The company is taking the fight to Tesla with the P7, described by an industry analyst as the company’s only meaningful contribution but one that has been well-received. The P7, which starts at RMB229,900, has the longest single-charge cruising range of any China-made EV. Most importantly, it is defined as “the second generation of smart cars,” capable of over-the-air (OTA) updates of most functions.
“I like Tesla, but I don’t think Tesla is in line with China’s local conditions,” says He. “In China’s large cities, parking spaces are often small and difficult to park in. Car companies can continuously improve the success rate and ease of use of automatic parking through OTA iteration. On this line, Tesla did not actually do much.”

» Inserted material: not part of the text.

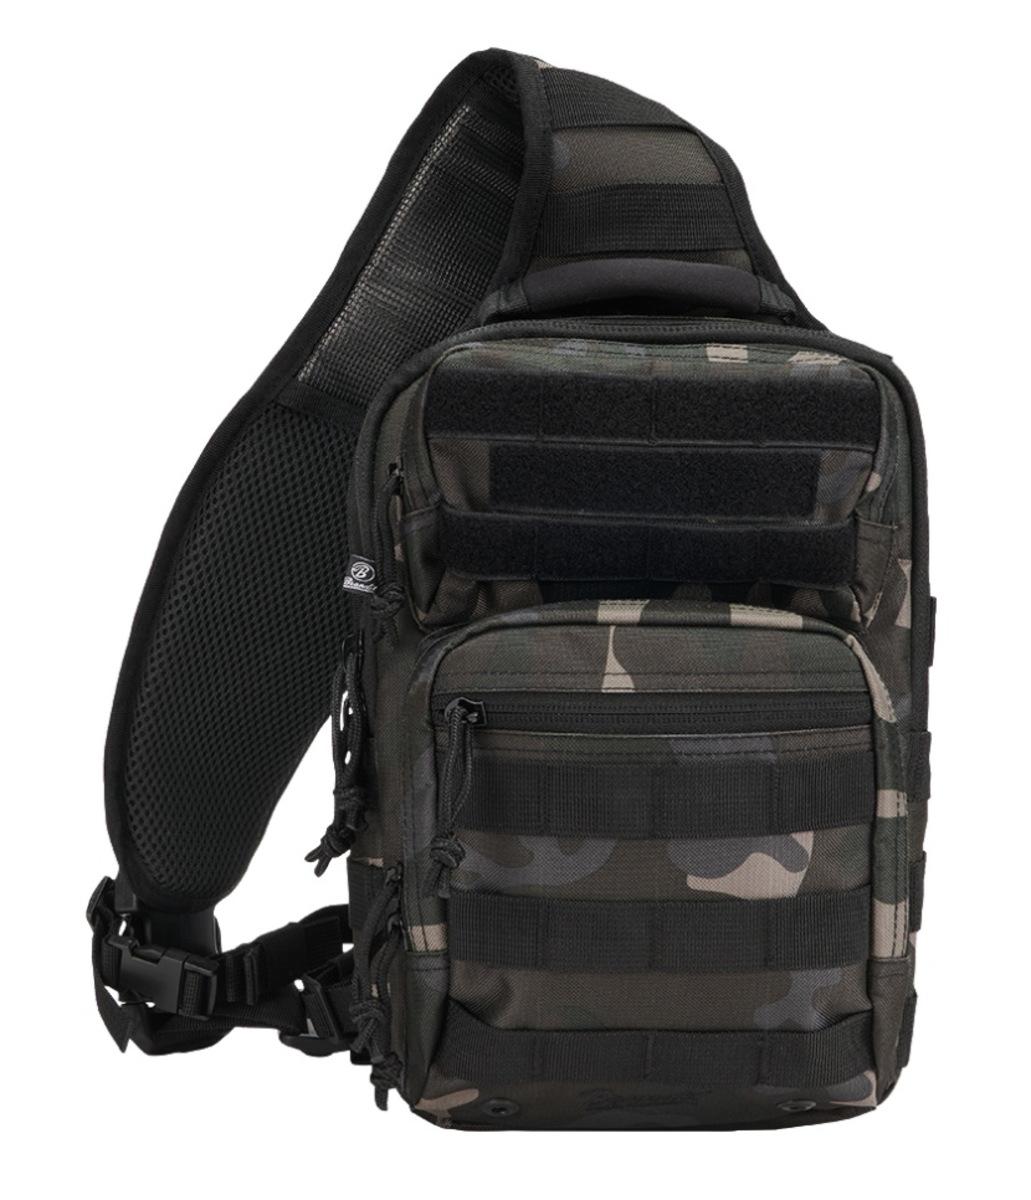 batoh (taška cez rameno) BRANDIT - US Cooper - 8036-darkcamo

Xpeng has set a goal to bring new features to users every month. Its previous model, the G3, achieved sales of 16,521 units and the utilization rate of the assisted parking function was 51% as of March, much higher than the single-digit industry average. He believes that P7 will deliver better first-year sales in China than Tesla’s Model 3. Having raised RMB16.8 billion in private funding – including a $400 million Series C last November from Matrix Partners China and Xiaomi – Xpeng is said to be targeting a Hong Kong IPO.
Time will tell
Even though they appear to face existential threats, it is still relatively early days for China’s new forces. “Buying a car is different from buying other household items. Consumers need a safety period of around five years to have confidence in a brand. That means it is hard for a new model launched by a latecomer to breakthrough,” Changwu Wang, a partner at Hina Group, tells AVCJ.
Much rests on what happens over the coming 12 months, but if the new forces can overcome the challenges they face, they may emerge stronger and wiser for the experience. Lixiang founder Xiang Li is perhaps a case in point. He departed Nio in 2015 to launch his own EV brand, and while strict cost controls were in place from day one, Lixiang erred in launching a two-wheeler as its first vehicle.
However, the company wasn’t to be so easily thwarted. Last August, it raised a $530 million Series C round, led by Meituan-Dianping founder Wang Xing, and unveiled the Lixiang One four months later. As of April, sales of four-wheel SUV had reached 6,500 units.